Company objectives
The low capacity of the Russian reinsurance market provided by domestic reinsurers has been a long-term concern of reinsurance specialists and insurance authorities. It depends on the insurance type and has varied over time from $10–20 million for a single risk in 2005 to $100 million in 2015. Reinsurance is a global and cross-border business, however, a too large share of risks and reinsurance premiums were ceded abroad instead of Russia where they could be invested in the national economy.
Sanctions imposed by the US and European Union have a detrimental impact on the ability to cede risks abroad even to reinsurers in the countries which formally do not support such sanctions. This was the case with risks from Iran after the imposition of economic sanctions against it.

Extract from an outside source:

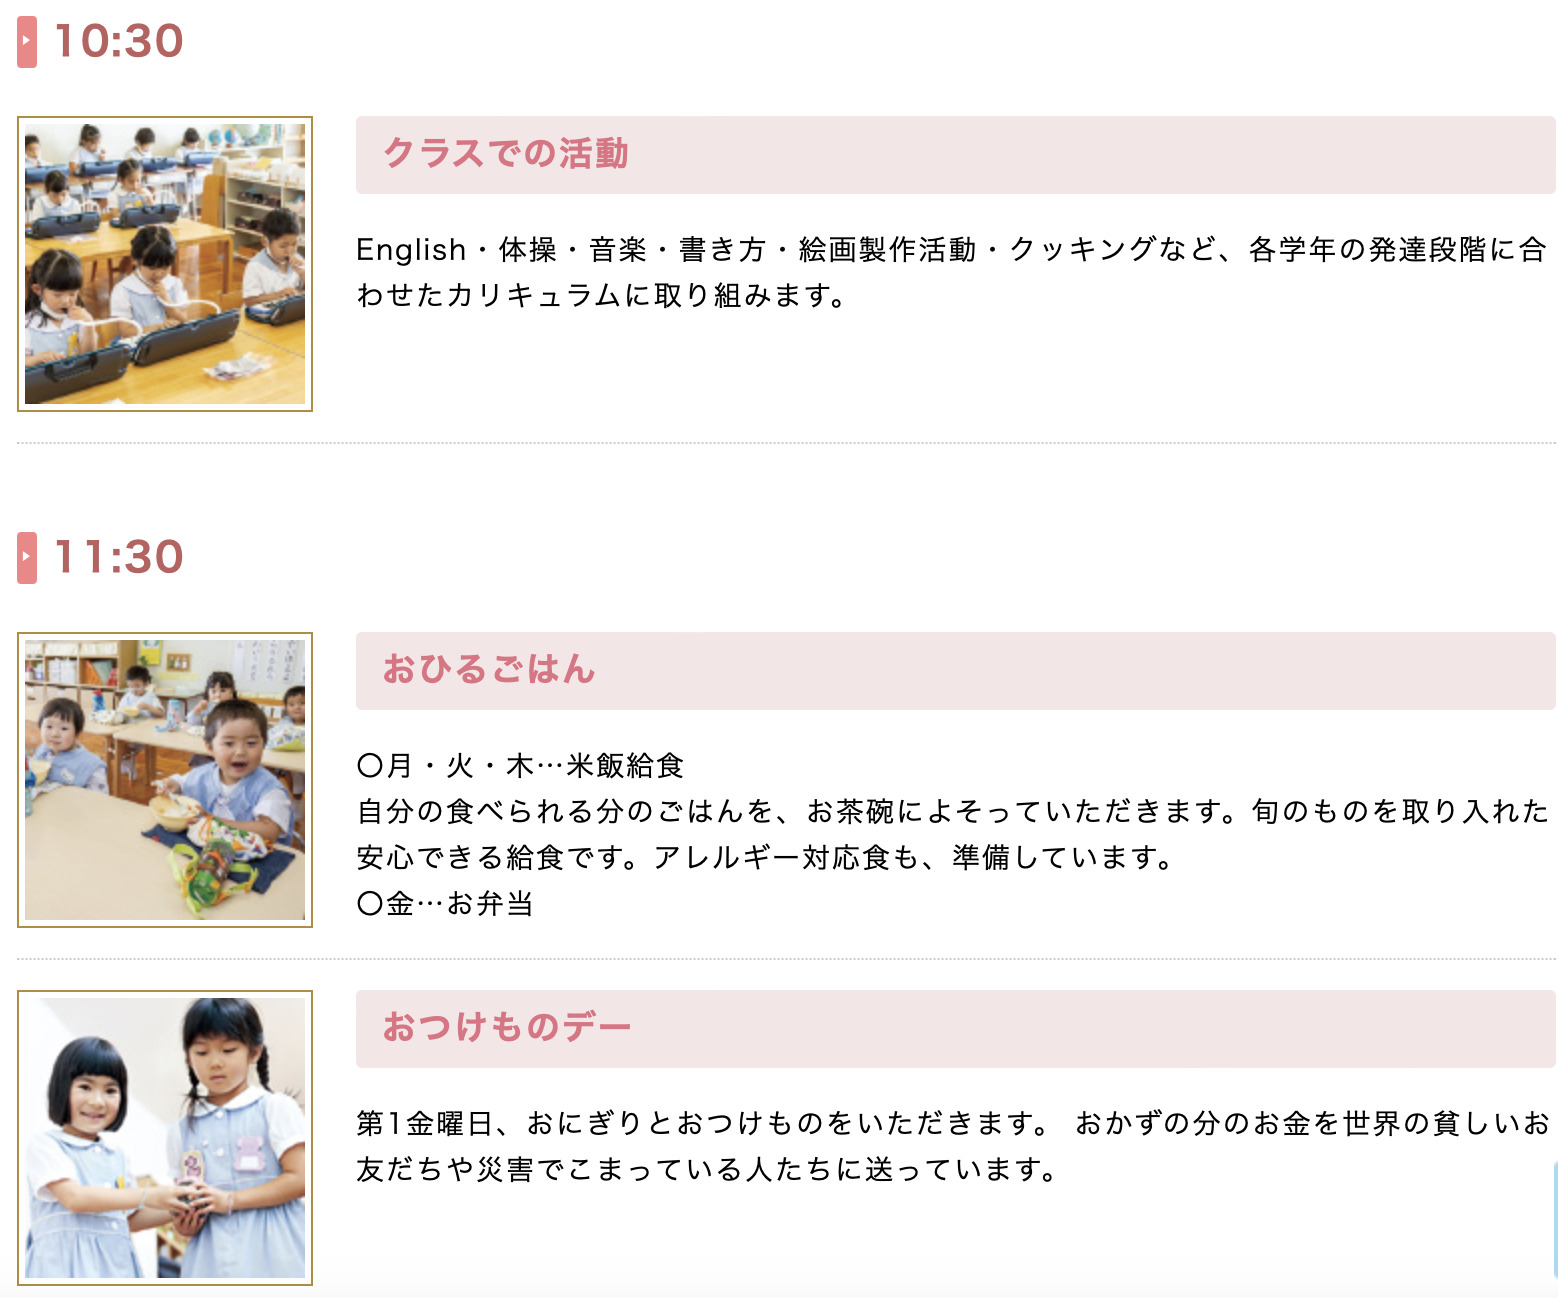 sakai-kenmei-kindergarten

There are also insurance business lines featuring very low frequency, but very high losses amount, i.e. risks with very rare but tremendous losses. Such risks are very hard to insure or reinsure due to the unavailability of any statistics or data to determine underwriting rates. That risks for Russia include destruction of dams of major HEPPs, accidents involving expensive space or infrastructure facilities, grate forest fires (and as well human-made) in populated areas, devastating floods, etc. Some risks require state reinsurance support due to high social or economic importance but low attractiveness in terms of economic efficiency for a single insurer or reinsurer. They include a wide range of risks in agricultural insurance), housing insurance against catastrophic events (flood, forest fire, earthquake, etc.).

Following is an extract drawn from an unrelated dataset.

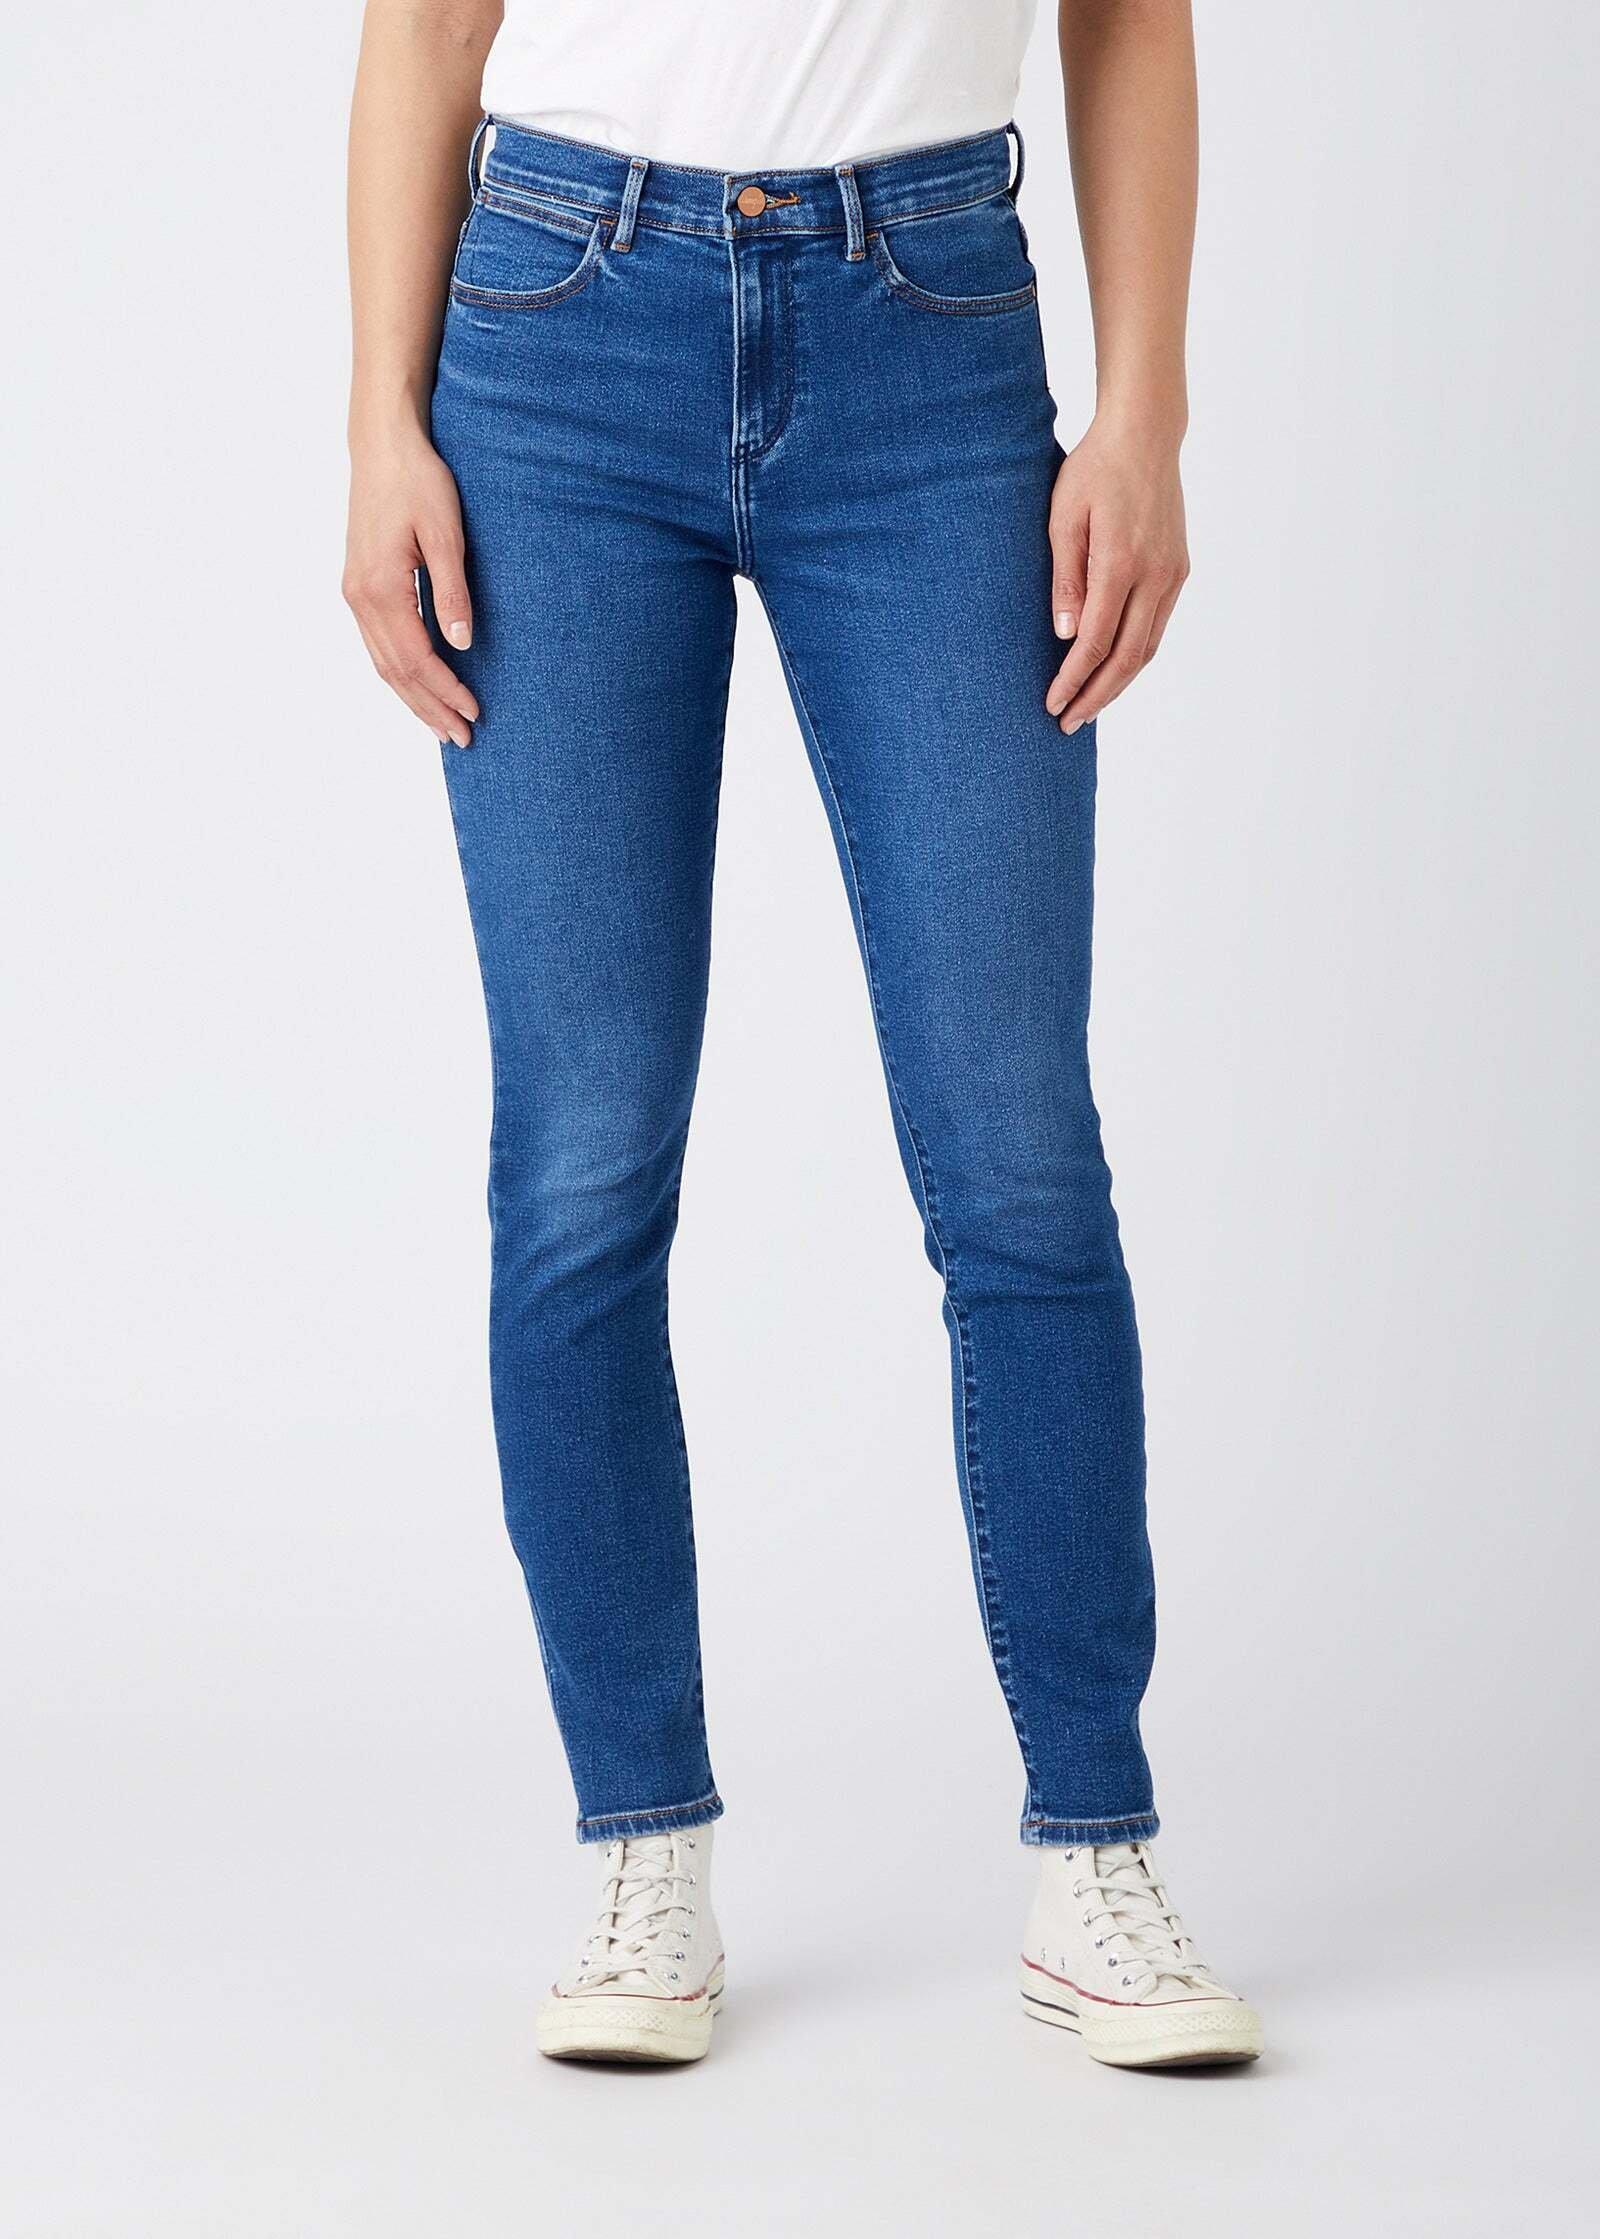 Jeans Skinny Fit High Rise Damen Blau Denim L34/W27 von Wrangler

Definite risks — especially in case of mandatory insurance — feature very specific underwriting procedures and regulatory framework in Russia, so they can’t be ceded to foreign reinsurers. In addition, a large number of risks may not be ceded abroad due to national security issues (e.g. if their reinsurance may lead to disclosure of state secrets) or economic security (insurance of state-guaranteed orders).
To address the above issues and restrictions, the Russsain authorities represented by the Central Bank of Russia set up RNRC with objectives and tasks including:
- Improvement of financial stability of Russian insurers (and, therefore, provision of better insurance conditions for the population and business);
- Provision of reinsurance capacity for insuring businesses or facilities subject to foreign trade sanctions;
- Provision of reinsurance protection for state-guaranteed orders, as well for risks not attractive from the commercial point of view which have high social, general economic, industrial or state importance;
- Control over risk ceding by Russian insurers abroad, counteracting illegal capital outflow under the pretense of reinsurance operations.[5]